It is a cold Wednesday afternoon. The rain never seems to end here in Lancaster. Tiny little unending drops that just have a way of messing up your entire plans. Oh well! I would just stay home again today and feast on McVitie’s Ginger nuts and a tub of Ben and Jerry’s Cookie Dough.
That has been my pattern for 3 days now since Chukky delivered his ‘news’ to me. I have been locked up in my accommodation here in Bailrigg crying my eyes out. Life has begun to lose meaning gradually. Everything seems so unreal. A week ago, I could not wait to be through with my Masters and head straight back to Naij. Now, I just want to disappear. I look out of my window and see couples laughing along, sharing an umbrella, looking like they have no care in the world. I smile to myself. A bitter smile because I know too well that they are all deceiving themselves.
That was how Chukky and I were back in Unilag. We met during Diploma in 2003. We both wanted to study Law desperately. I ended up with MassCom but Chukky was lucky enough to get into Law. Our relationship began as soon as we saw eachother. As ridiculous as that sounds, it is true. I’ve never believed in fronting or forming or ‘long tin’. I see it as pointless. He never asked me out formally. We just ‘went with the flow’.
We were so happy.
Within two months of meeting him, I had met his mom, his dad, his 3 aunts, and his 2 sisters. They were such an amazing bunch. They made me feel so welcome.

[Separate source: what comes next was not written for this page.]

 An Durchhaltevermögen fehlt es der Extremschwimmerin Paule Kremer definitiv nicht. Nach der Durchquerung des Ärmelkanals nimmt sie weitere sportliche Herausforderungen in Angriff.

Chukky’s parents were extremely godly and born again. They used to attend MFM on Olasimbo Street near 2nd gate and it was on one Sunday morning that Chukky suggested we went to Church together that I first met them. I remember that morning like it was yesterday. Chukky called me a bit earlier than normal that morning to wake me up. I automatically assumed we were going to the Redeemed Church in Jibowu, Yaba close to school which was ‘our Church’. He used to pick me and my friends up in Moremi on Sunday mornings from his BQ. But that Sunday, he walked down and told me he felt that would be a good opportunity to meet his family who usually drove down from their Festac home every Sunday to Yaba for the 7 am church start at MFM. I had planned to wear a very fitted beige knee-length dress I got from ‘Talk2Me’ in Surelere the previous day with some chocolate brown high heels and a very Mac-ed up face.

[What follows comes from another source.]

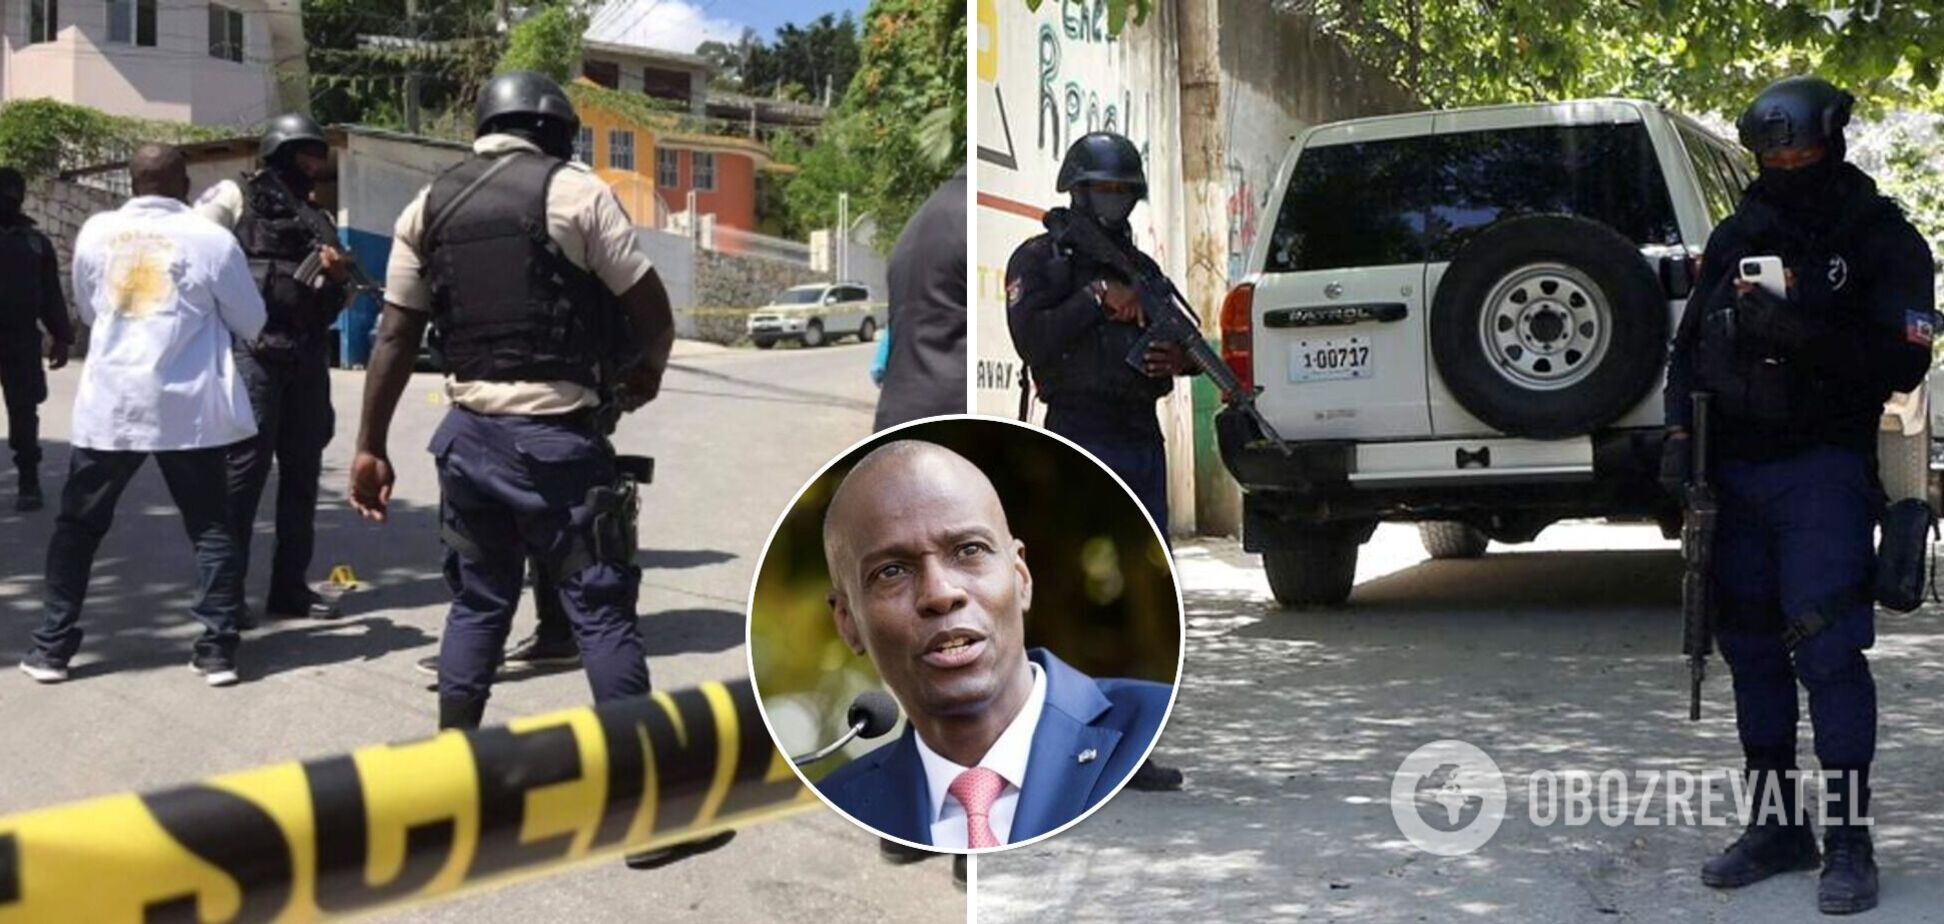 Убийство президента Гаити: четырех человек ликвидировали, шестерых задержали

As soon as I heard ‘MFM’ and ‘family’, I turned my room upside down in search of my longest skirt, which was not that long, and the only size 10 TM shirt I owned, instead of the usual 8 I wore in order to accentuate my small waist. I also wore flat pumps. I wanted to make a good first impression. I needed my friends for moral support so I begged Lara, Bola and Nkem, my best friends right from our Vivian Fowler days, to come with us. Nkem insisted on going to her church, St Leo’s, as she is Catholic but Lara and Bolade obliged. The four of us then walked all the way from Moremi, through ISL, to 2nd gate and then to MFM that morning.
After church was over, he made the introductions.

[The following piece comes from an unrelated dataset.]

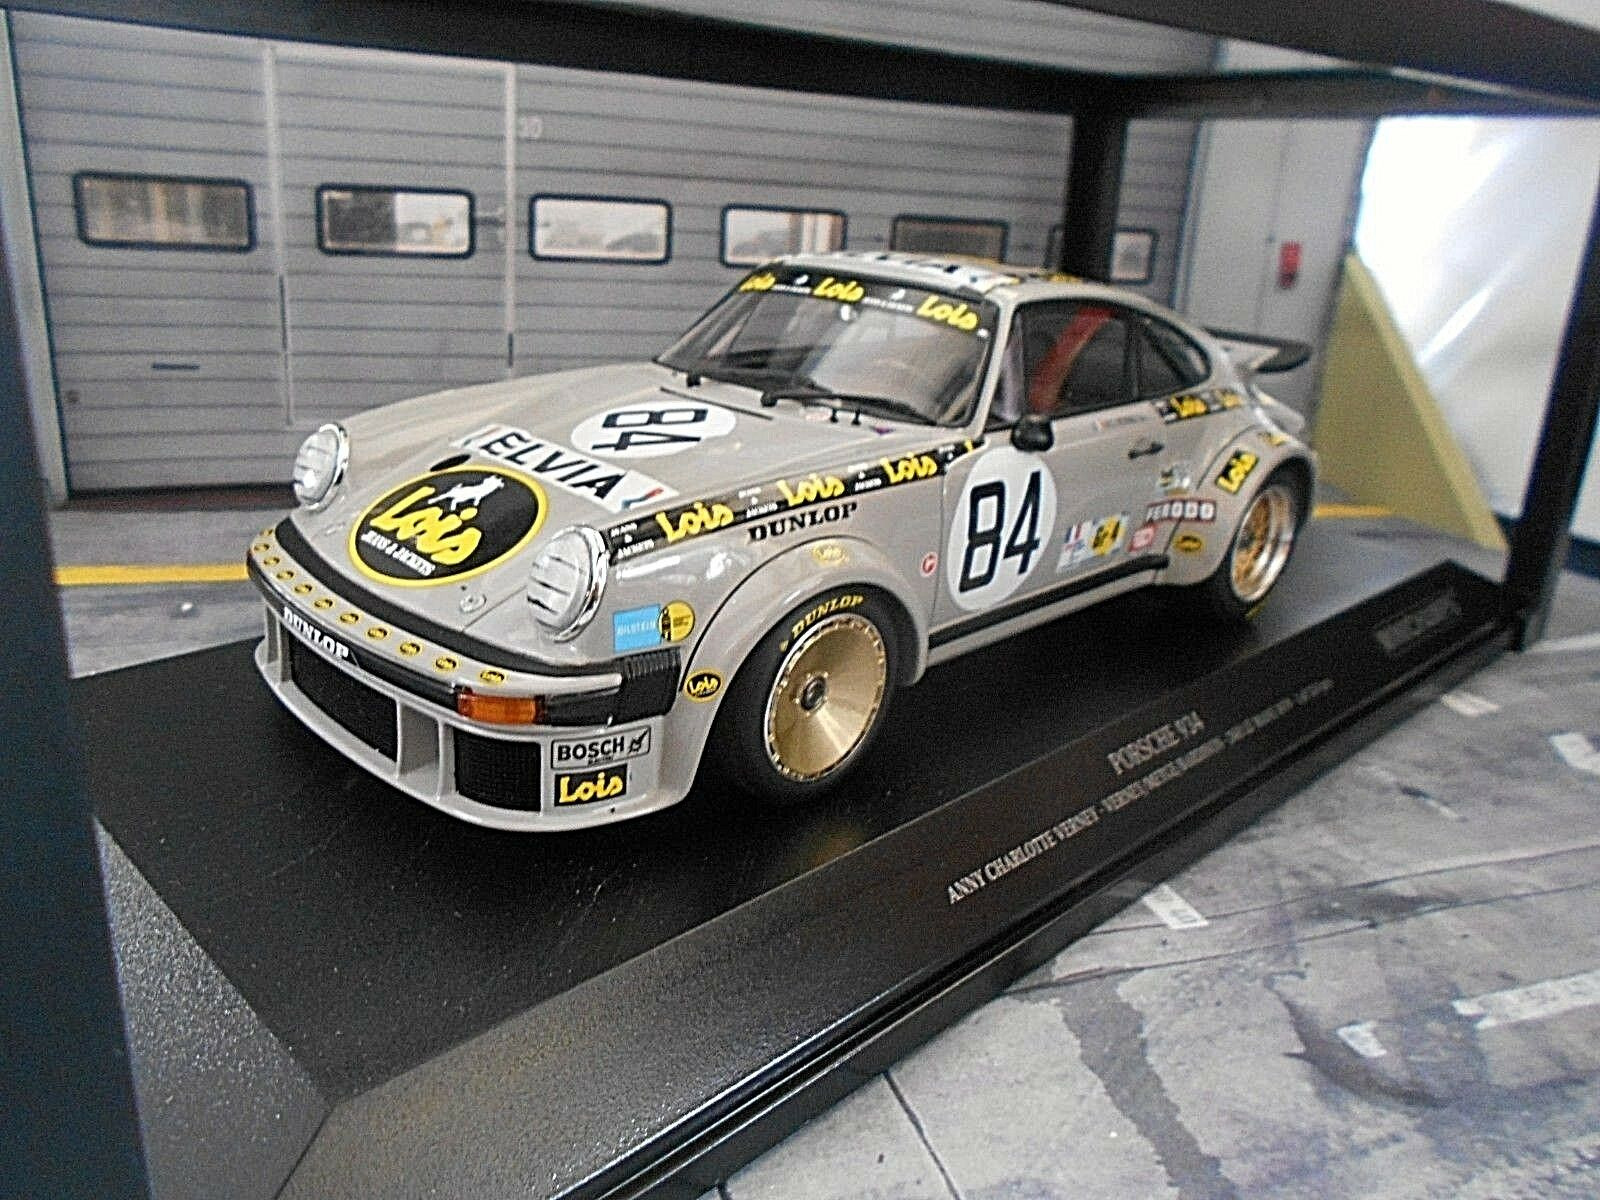 Porsche 911 934 turbo le mans  84 Lois Charlotte Verney Metge 79 Minichamps 1 18

‘Mom, this is my very good friend, Ireti’, he said with pride. I knelt down to the cold floor right there in church. I got a few puzzled stares. Some girl in my block who attended MFM too and knew us smiled knowingly and walked briskly away. She knew the drill.
‘How are you, my dear?’ his mom asked pulling me close into a hug. Bent on impressing them, I replied ‘Odima’ They burst out laughing and said ‘You try, my dear, da alü’. And that was I became a part of the Chibueze home
Chukky, like the rest of his family, was born again. I was not particularly overly religious. I believed in God. I still do. But that did not stop me from listening to my Tupac, Nelly, Destiny’s Child, JayZ, Tuface on a reg. That also did not stop 11:45 from being my usual destination on a Friday night along with Lara, Bolade and Nkem.
Chukky drew me to God.
The changes I made were first because I wanted to impress him. I gradually dropped the whole clubbing thing. I still wanted to go. But just so that we do not fight, I stopped. I also reduced my ‘worldly’ songs. I stopped saying ‘shit’. I stopped wearing short dresses. I was no SU. But I became what Chukky had in mind for a girlfriend. I did it with joy because I wanted him to be happy. It seemed to work because Chukky would flaunt me everywhere we went. I was his ideal ‘nwunye’- a perfect bride.
With time, I started enjoying the whole thing. I started reading my Bible more without being prompted by Chukky and I started praying of my own accord outside the usual morning ‘Thank You Lord for this morning, ok bye’. I started fasting too. I was growing as a Christian and I was loving it. Chukky, too, was loving it.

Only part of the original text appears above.